• _ABOUT THIS TASK_
An exact transcription is needed of the lines below from the one with "Aluminum luminaires from" through the one with "The Below Image", with no other lines and no pictures.

BEGIN SUPPLIED MATERIAL

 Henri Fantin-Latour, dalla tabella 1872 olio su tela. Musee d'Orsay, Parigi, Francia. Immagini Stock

END SUPPLIED MATERIAL
BEGIN SUPPLIED MATERIAL

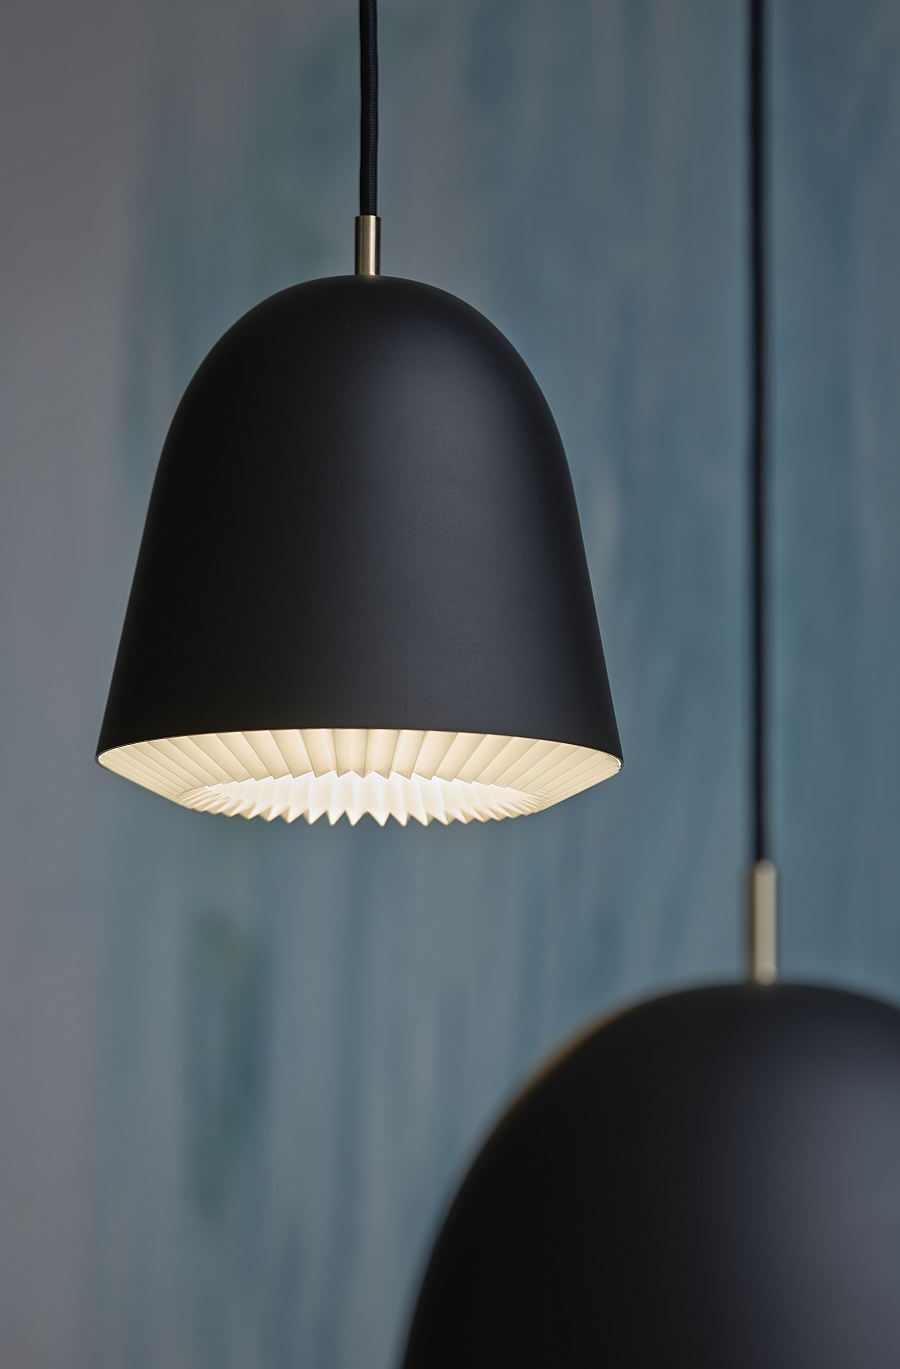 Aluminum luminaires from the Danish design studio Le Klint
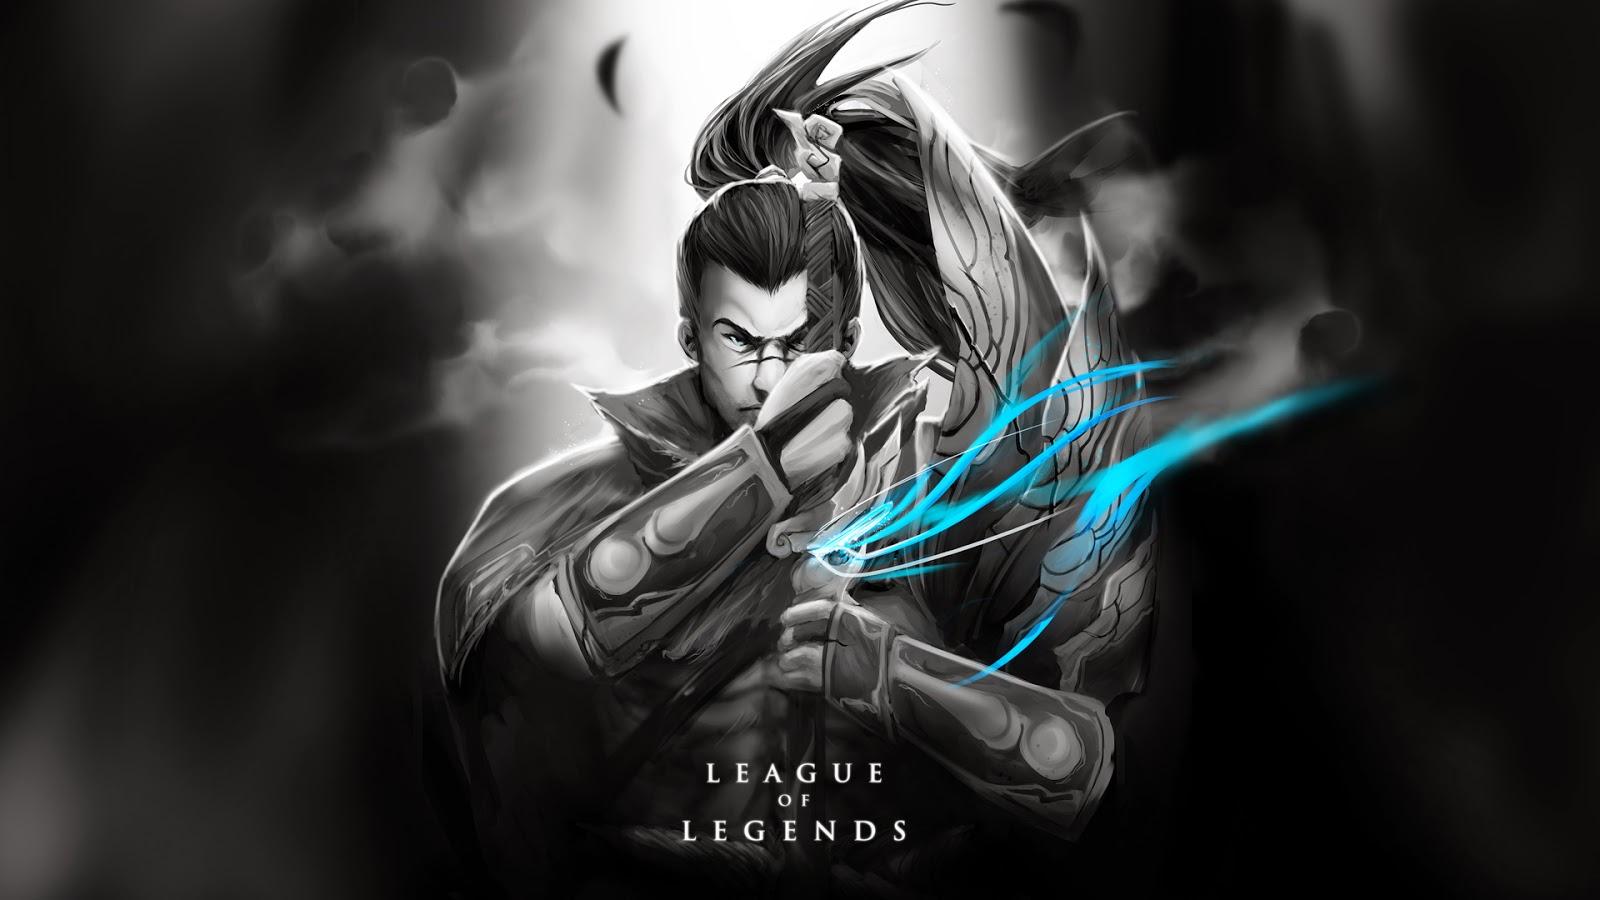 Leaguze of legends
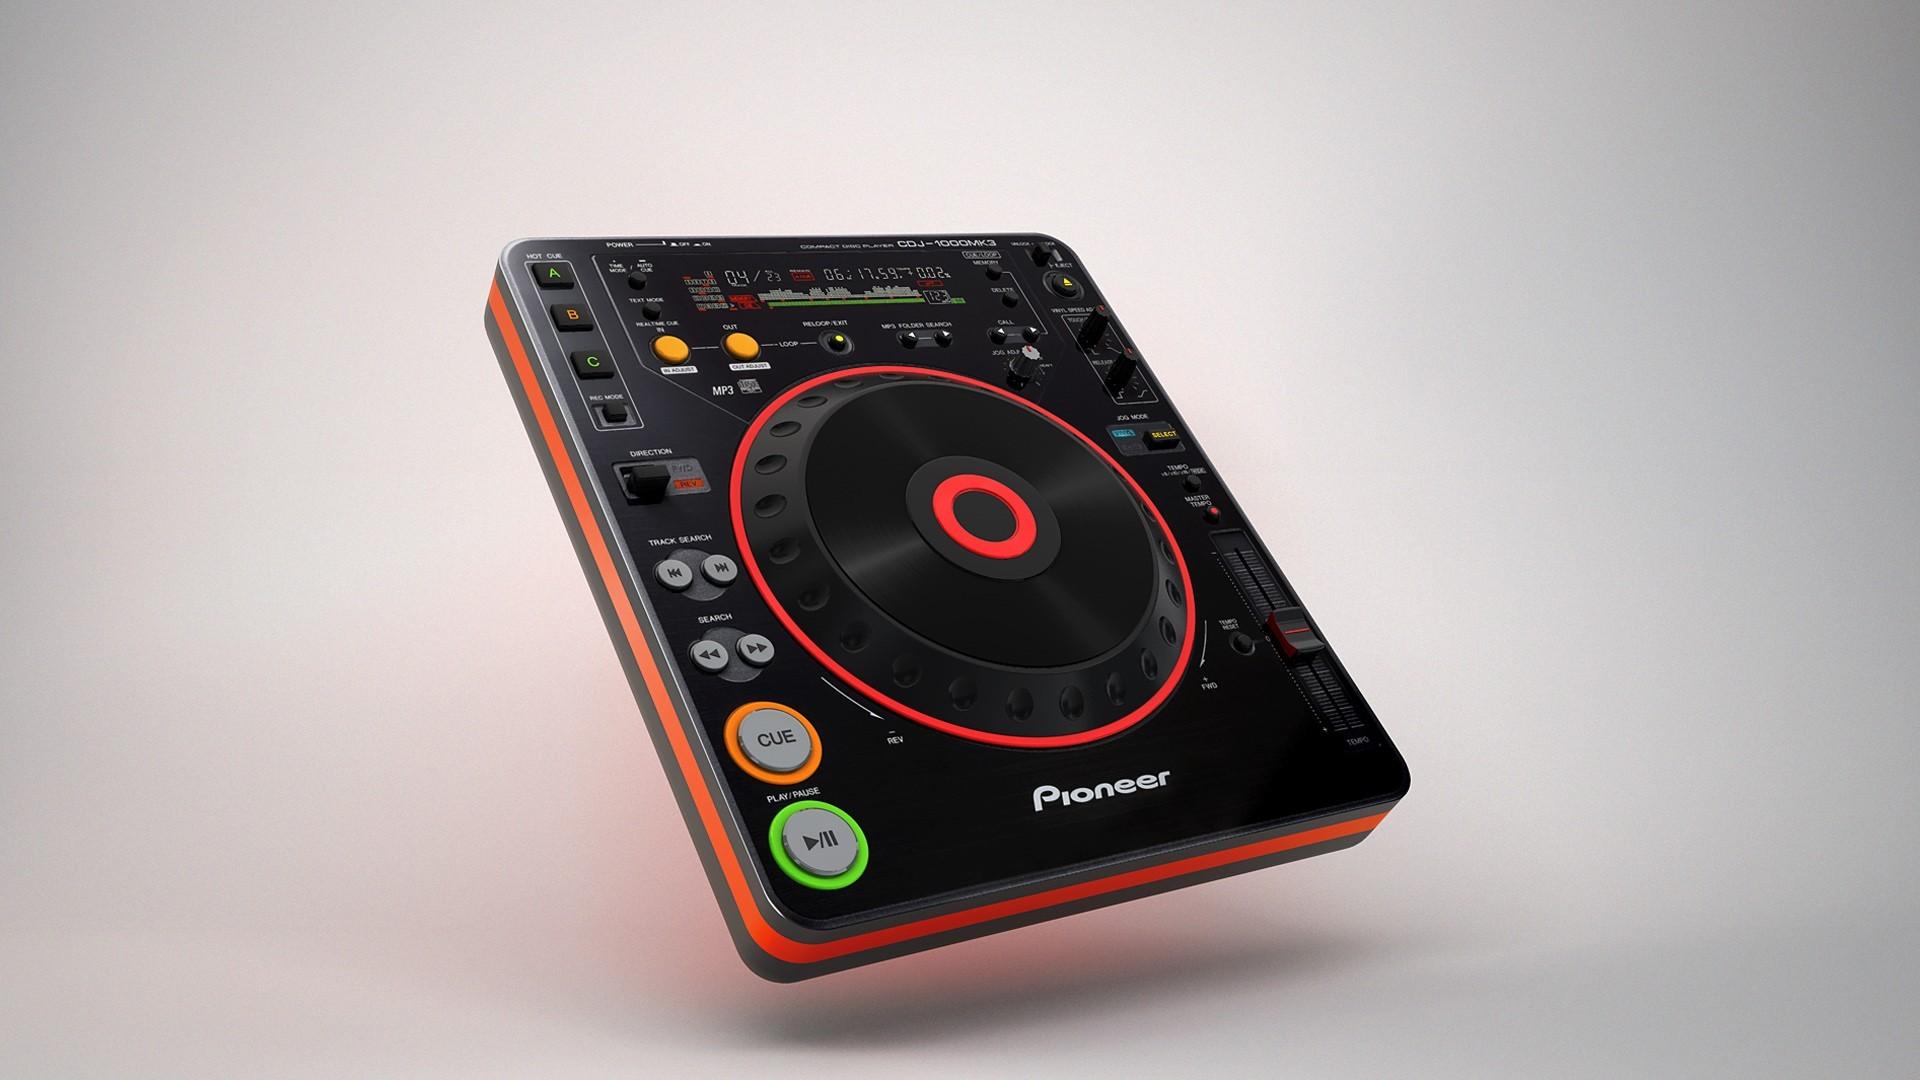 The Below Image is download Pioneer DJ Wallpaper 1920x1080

END SUPPLIED MATERIAL
BEGIN SUPPLIED MATERIAL

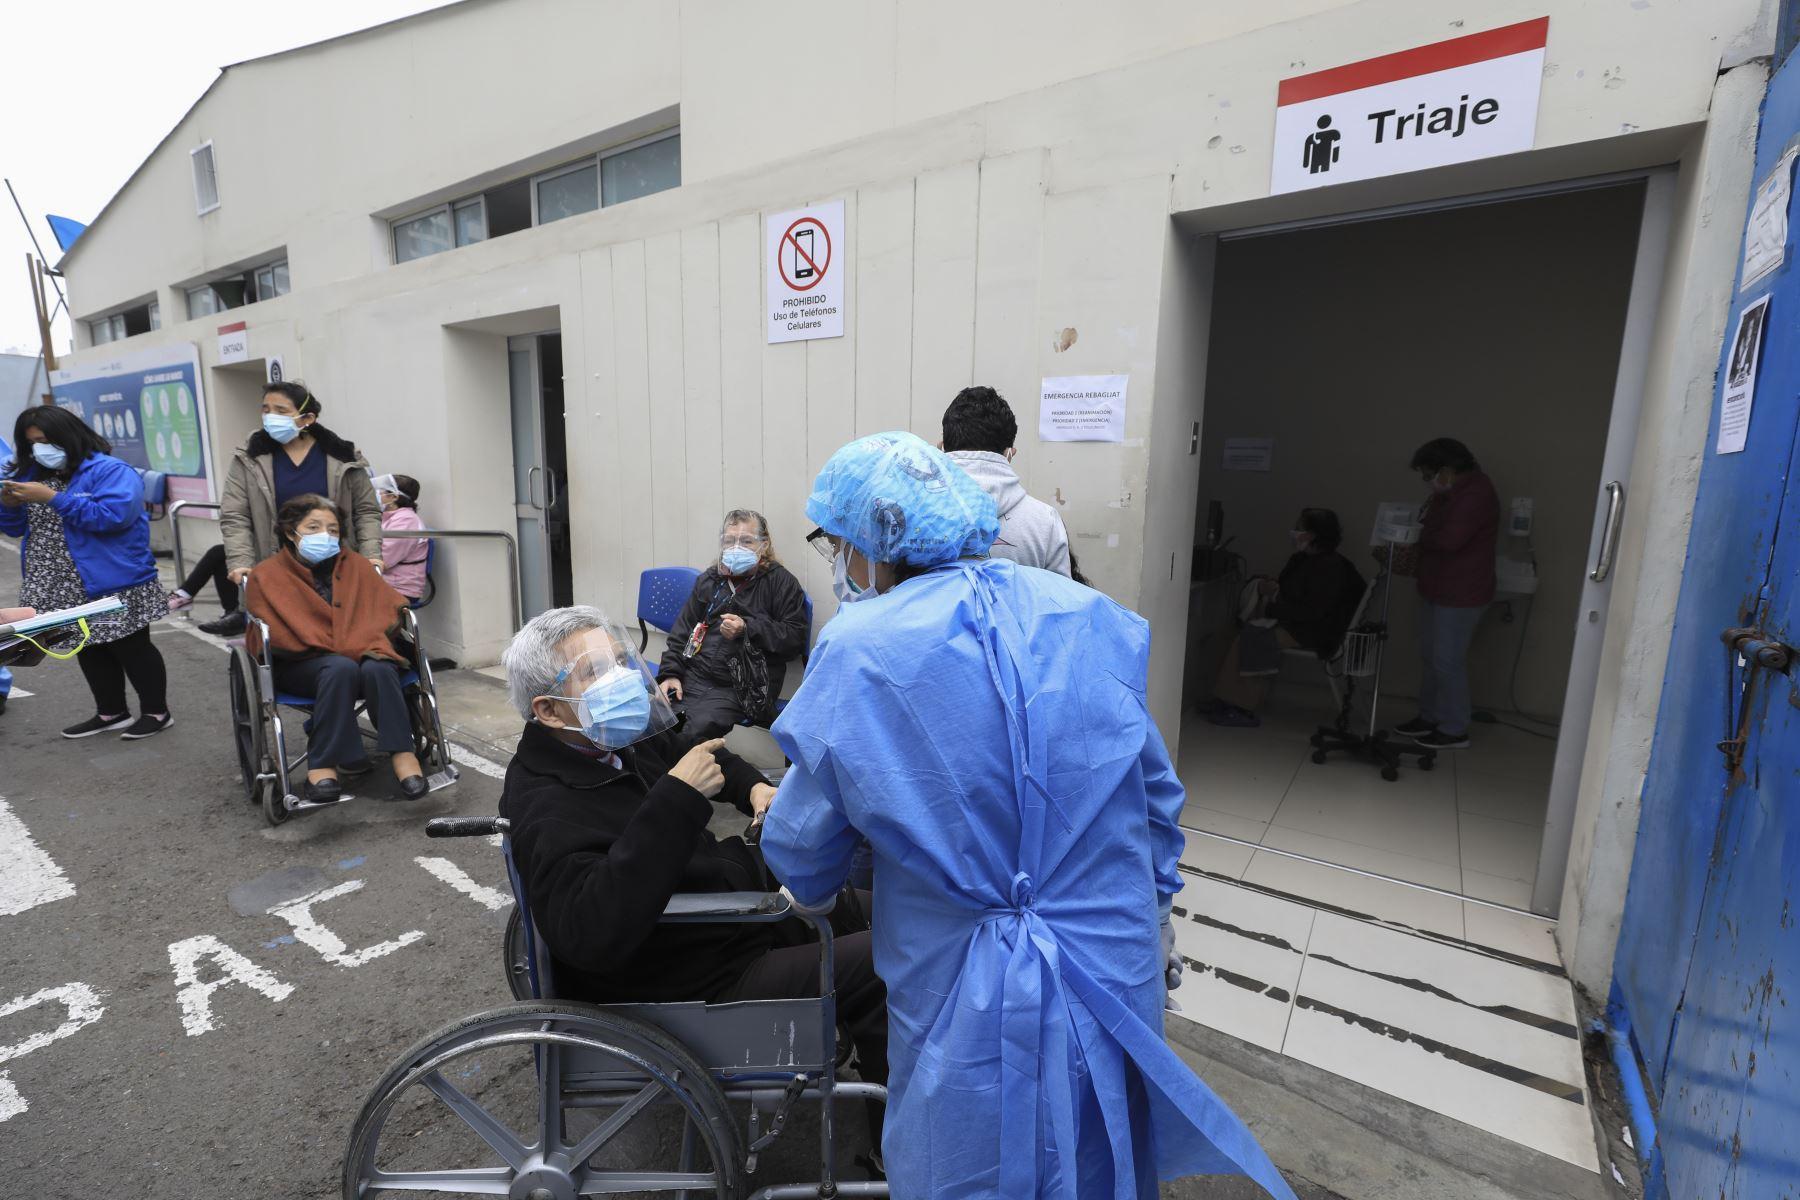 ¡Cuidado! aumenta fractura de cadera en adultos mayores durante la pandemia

END SUPPLIED MATERIAL

• _FINISHED TASK_
 Aluminum luminaires from the Danish design studio Le Klint
 Leaguze of legends
 The Below Image is download Pioneer DJ Wallpaper 1920x1080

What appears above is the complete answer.